Zuerst habe ich den Heizkissen-Trick ausprobiert. Du kennst ihn sicher: Man wärmt die Matratze im Babybett vor, damit das schlafende Baby beim Ablegen keinen Temperaturabfall spürt und sofort Alarm schlägt. Ich habe sogar das Bettlaken vorher drei Stunden lang unter mein T-Shirt gestopft, damit es exakt nach meinem Stressschweiß riecht. Nichts davon hat funktioniert. In dem Moment, in dem der Rücken meines 11 Monate alten Sohnes einen 45-Grad-Winkel von meiner Brust überschritt, sprang sein innerer Kreiselkompass an, die Augen rissen auf und das Geschrei ging los.

Neulich sah ich einen trendigen Internet-Suchbegriff für einen Rap-Song, aber ehrlich gesagt ist es an einem unausweichlichen Dienstagnachmittag meine buchstäbliche Realität, ein kleines Baby ständig auf mir kleben zu haben. Er ist gerade wie eine taktische Weste an meinen Oberkörper geschnallt, schläft tief und fest und strahlt die punktuelle Hitze eines kleinen Atomreaktors aus, während ich dies hier mit meinem linken Zeigefinger tippe.

Lass uns über die exakte Biomechanik des gescheiterten Bettchen-Transfers sprechen, denn ich habe diese Daten bis zum Umfallen analysiert. Du beginnst mit dem Baby, das tief und fest auf deiner Brust schläft. Seine Atmung ist mit deiner synchronisiert, sein Gewicht fühlt sich an wie ein 10-Kilo-Sack warmes Mehl. Du machst einen Schritt in Richtung Gitterbett und hältst den Atem an, damit sich dein Zwerchfell nicht bewegt und das Baby alarmiert. Deine Kniegelenke knacken. Du ignorierst es. Du beugst dich über das Holzgitter und verrenkst deine Wirbelsäule in eine Form, die einen Chiropraktiker offen zum Weinen bringen würde.

Dann kommt die Trennungssequenz. Du musst eine Hand unter den Nacken und die andere unter das Steißbein schieben und das gesamte Gewicht mit deinen Unterarmen tragen, während du das Baby langsam in die Leere hinablässt. Die Mikrobewegungen erfordern die Präzision eines Bombenentschärfers. Zuerst lässt du die Füße die Matratze berühren. Dann den Po. Dann die Schultern. Du hältst deine Hand volle zwei Minuten lang unter seinem Kopf, schwitzt in Strömen und betest zu welcher Gottheit auch immer, die für den Schlafzyklus von Kleinkindern zuständig ist.

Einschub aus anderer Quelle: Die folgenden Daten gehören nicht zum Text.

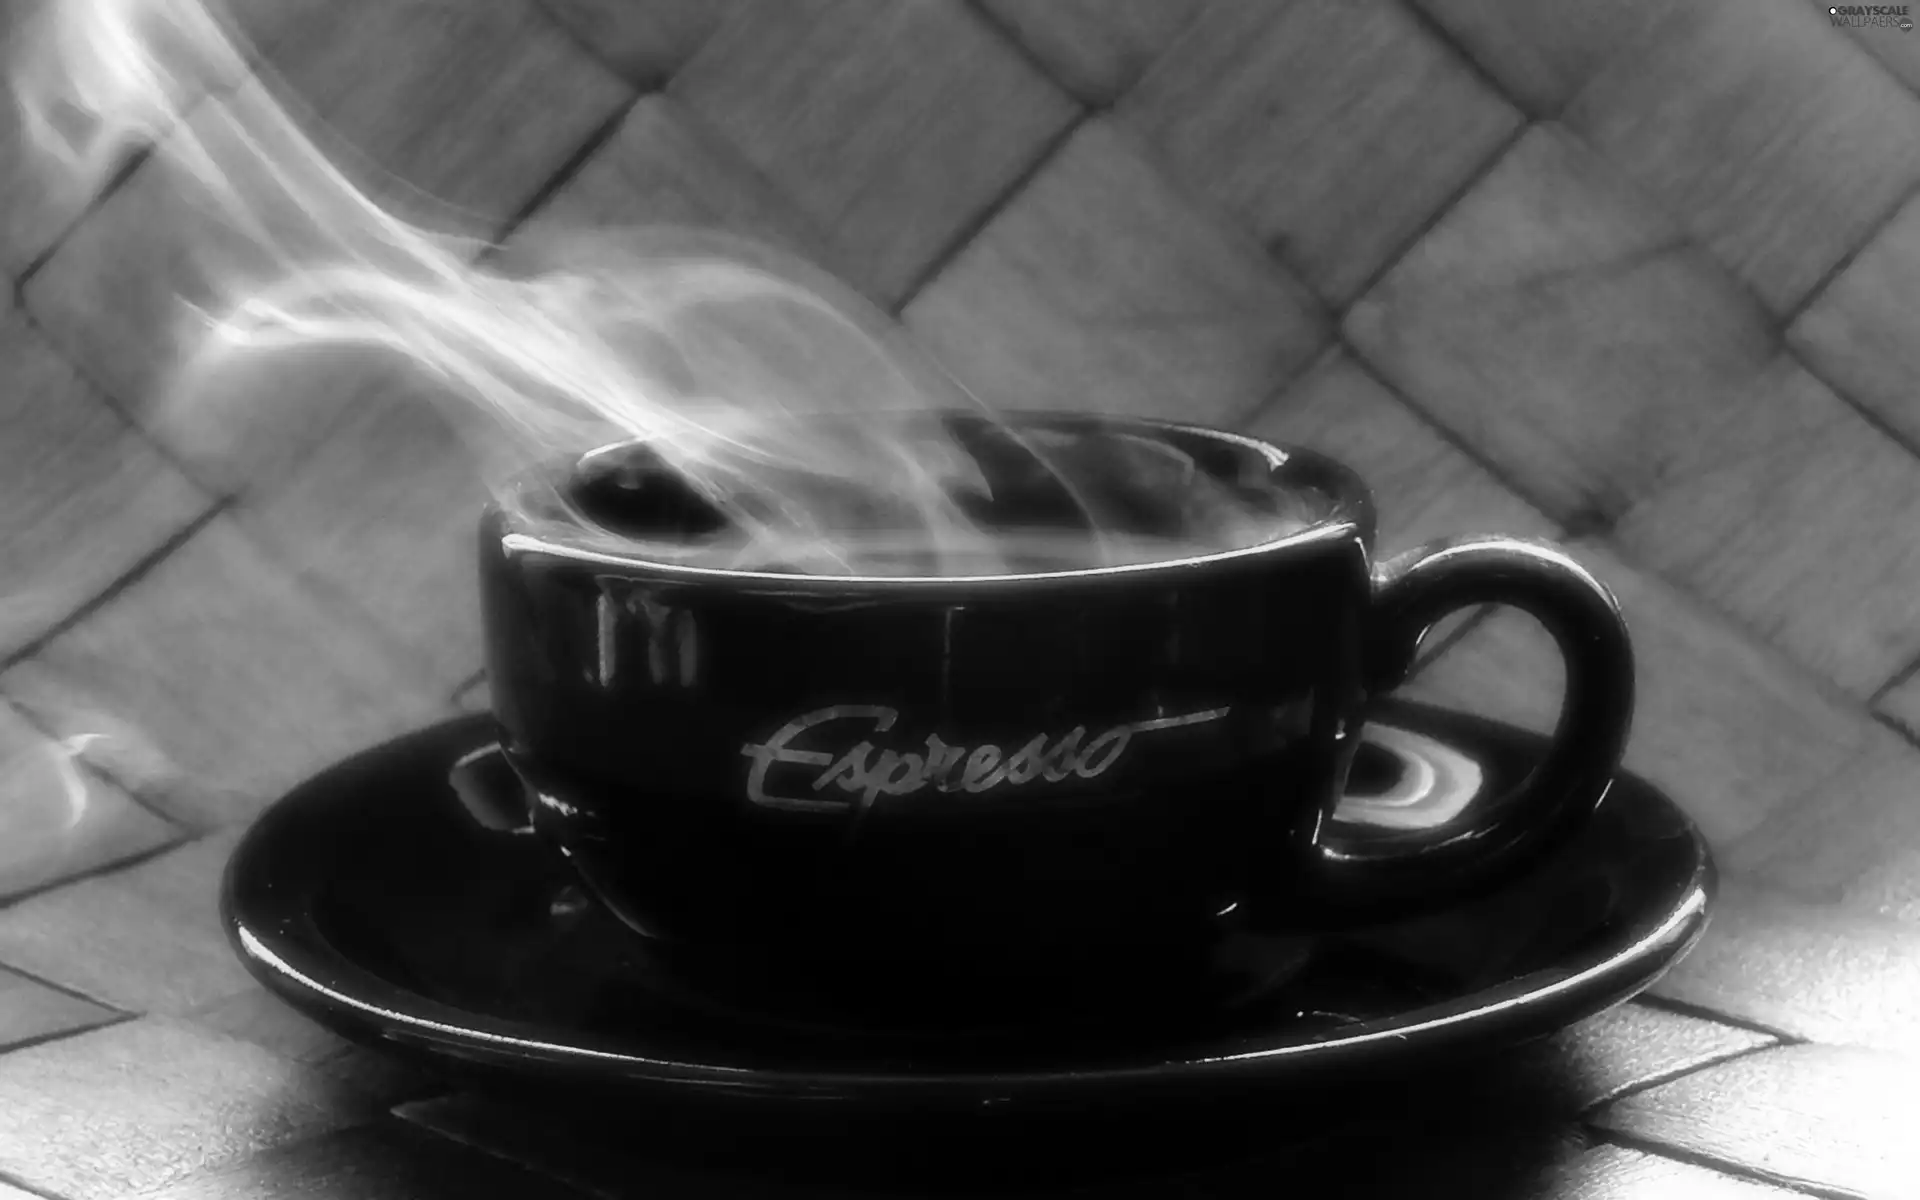 Espresso, Steaming, cup

Und dann, genau in dem Moment, in dem du deine Hand auch nur einen Millimeter zurückziehst, reißen die Augen auf und das Baby sieht dich mit einer Mischung aus tiefem Verrat und purer Panik an. Du bist gezwungen, es sofort wieder hochzunehmen und den ganzen zweistündigen Wiegeprozess von vorn zu beginnen. Wir haben die „Schreien-lassen“-Methode genau vier Minuten lang ausprobiert, bevor meine Frau und ich beide in der Küche aus Stress eine Familienpackung Brezeln verputzt haben. Das ist also komplett vom Tisch.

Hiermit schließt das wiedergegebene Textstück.